# Emergancy Drains



## gladerunner (Jan 24, 2009)

I'm doing a 3 story 28 unit apt house. Each unit has it's own mechanical room with hot water heater, furnace, and washer/dryer. I spoke with the inspector today about installing a floor drain in each mechaniical room and using the condensate from the condensing furnaces/ac as a trap primer. He gave me the ok. Just wondering what your thoughts are. note that we are required to use cast-iron and copper on any thing over 3 units. So not running emergancy drains to the basement will be a big savings


----------



## DesertOkie (Jul 15, 2011)

That's how a lot of them are done here. Please put the drain where it can be ran with a cable.


----------



## RealLivePlumber (Jun 22, 2008)

You had best install a neutralizer in the drain from the condensing furnace. It'll eat that cast and copper real quick.

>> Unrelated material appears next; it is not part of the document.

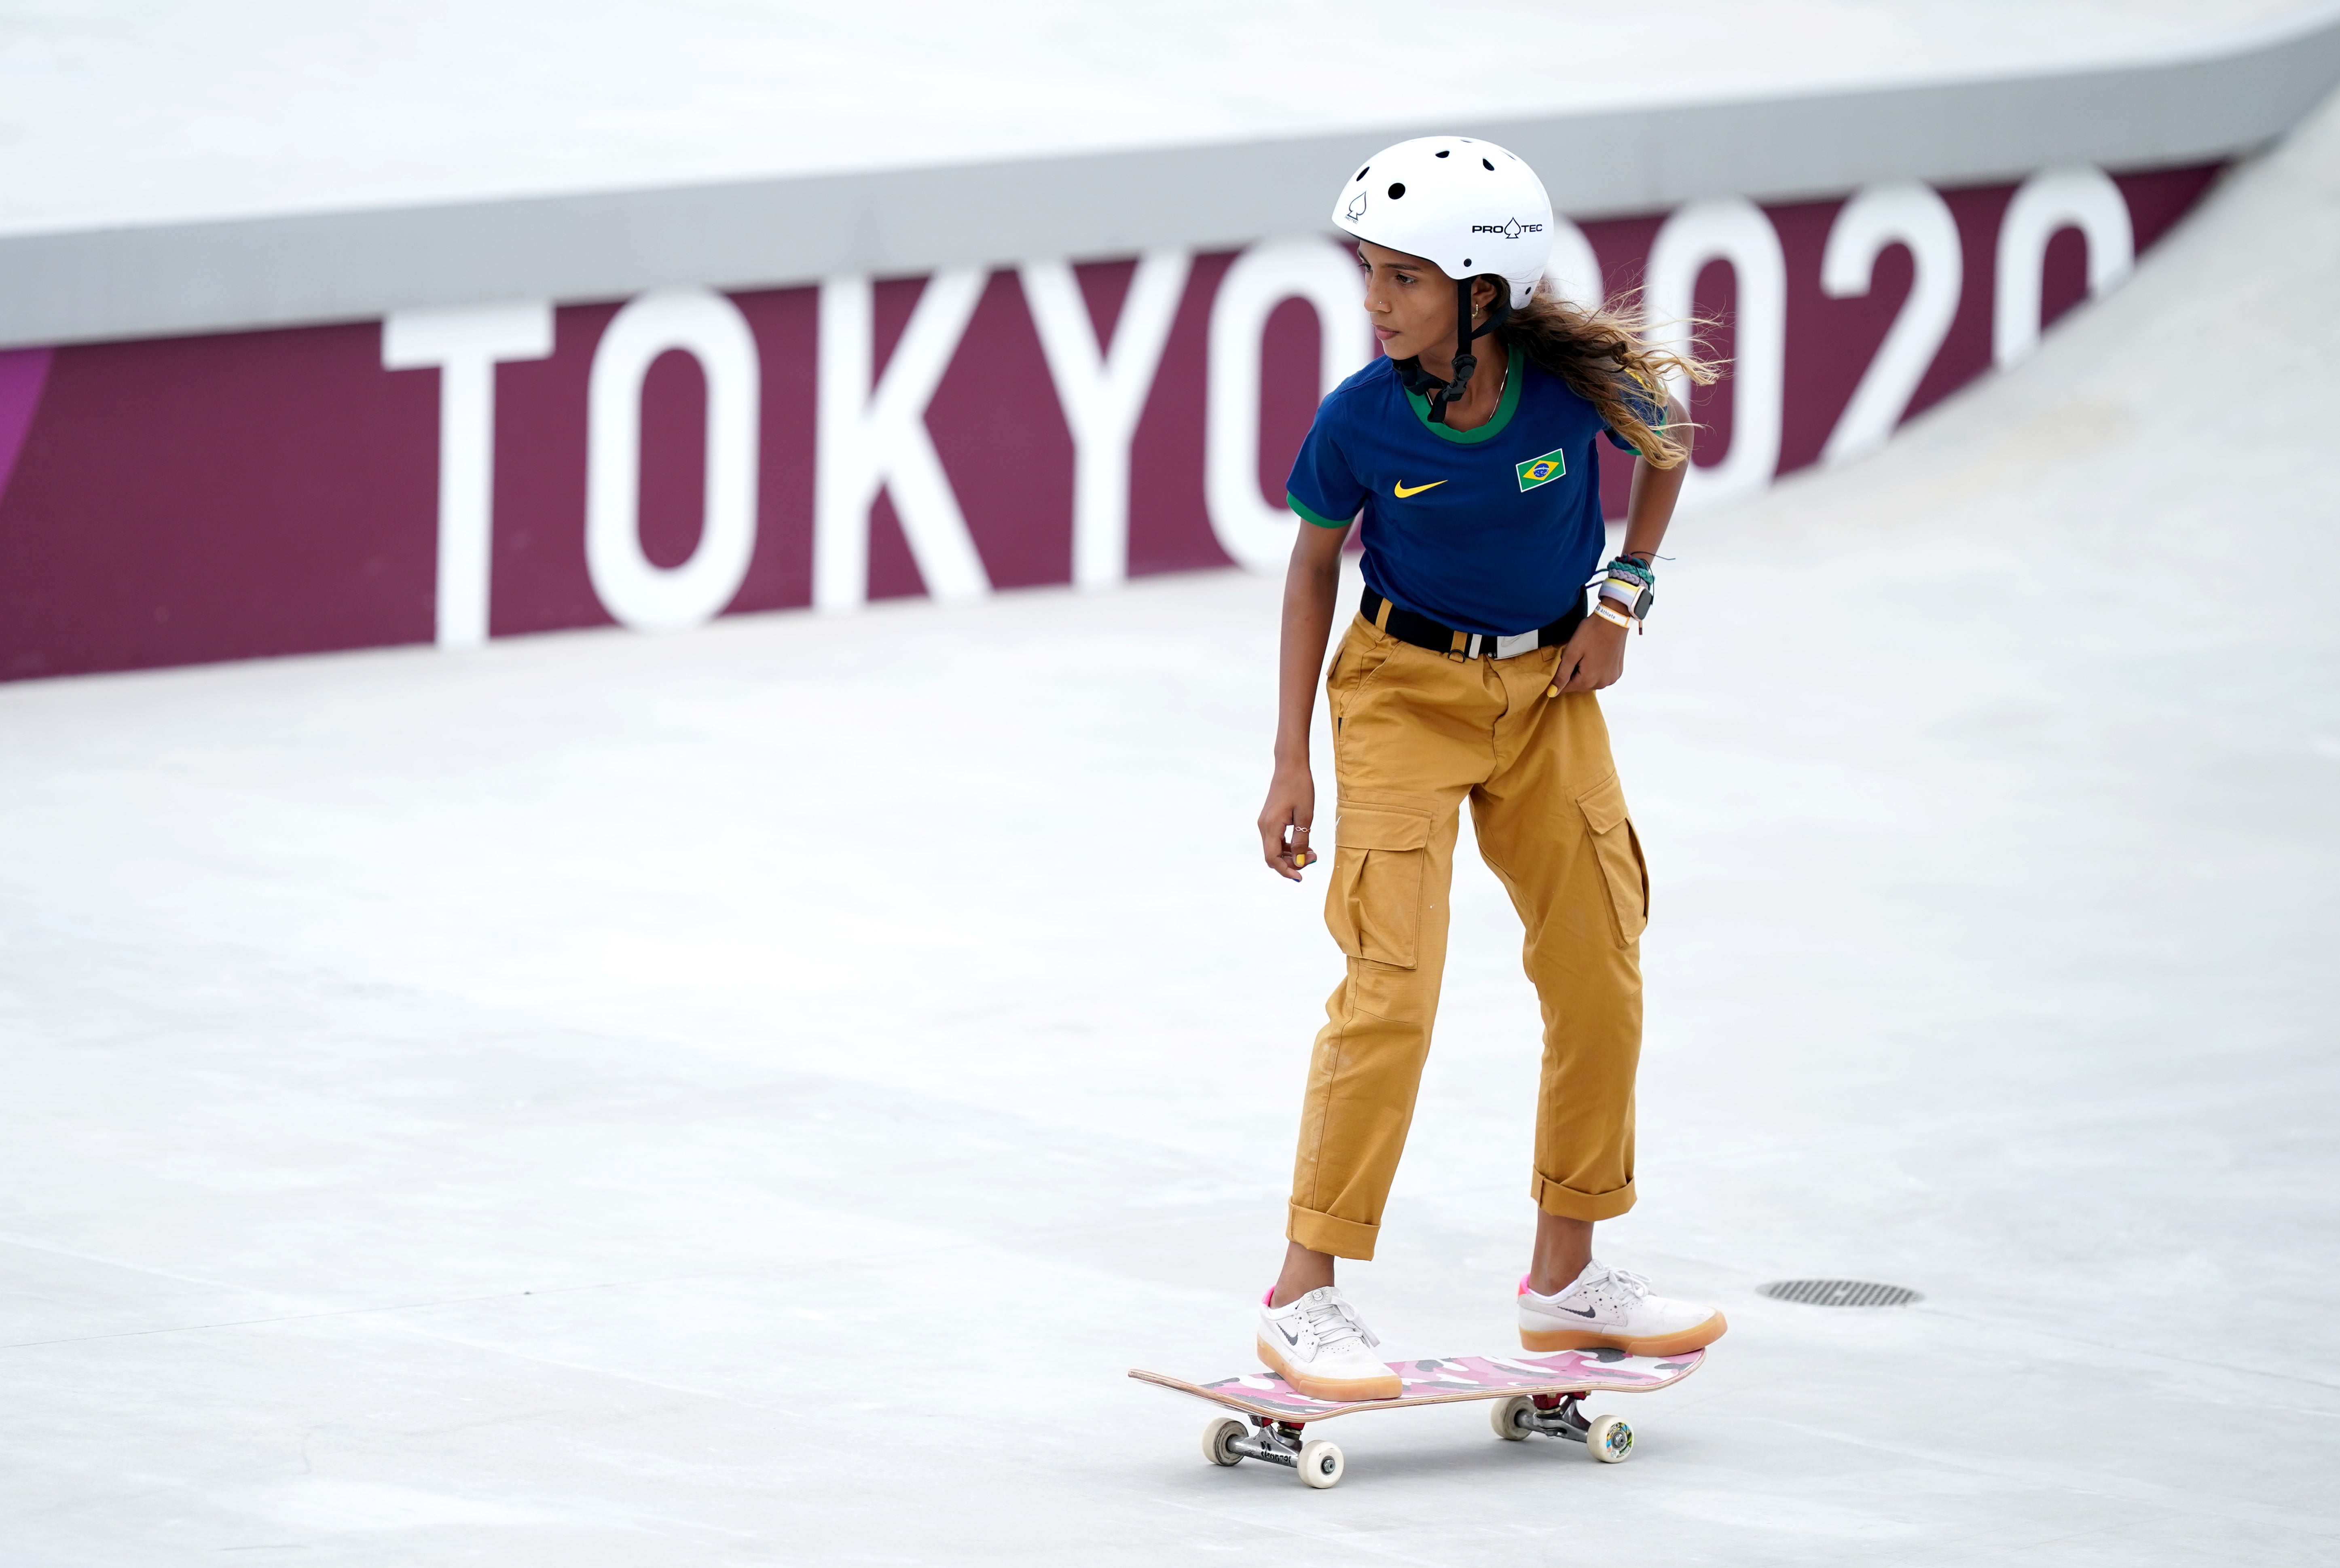 Brazil’s Rayssa Leal during the Women’s Street Prelims Heat 4 at the Ariake Urban Sports Park on the third day of the Tokyo 2020 Olympic Games in Japan. Picture date: Monday July 26, 2021.

Course, no one will maintain it anyway.


----------



## BROOKLYN\PLUMB (May 21, 2010)

RealLivePlumber said:


> You had best install a neutralizer in the drain from the condensing furnace. It'll eat that cast and copper real quick.
> 
> Course, no one will maintain it anyway.


Yep


----------



## The real E.P. (Aug 9, 2011)

I am assuming that you are from the states do you guys use xfr or system 15 pipe? Both are fire rated, system 15 is for 3000 square feet or less or up to 3stories xfr is for anything over ...... I think don't do a lot of high rise or commercial


----------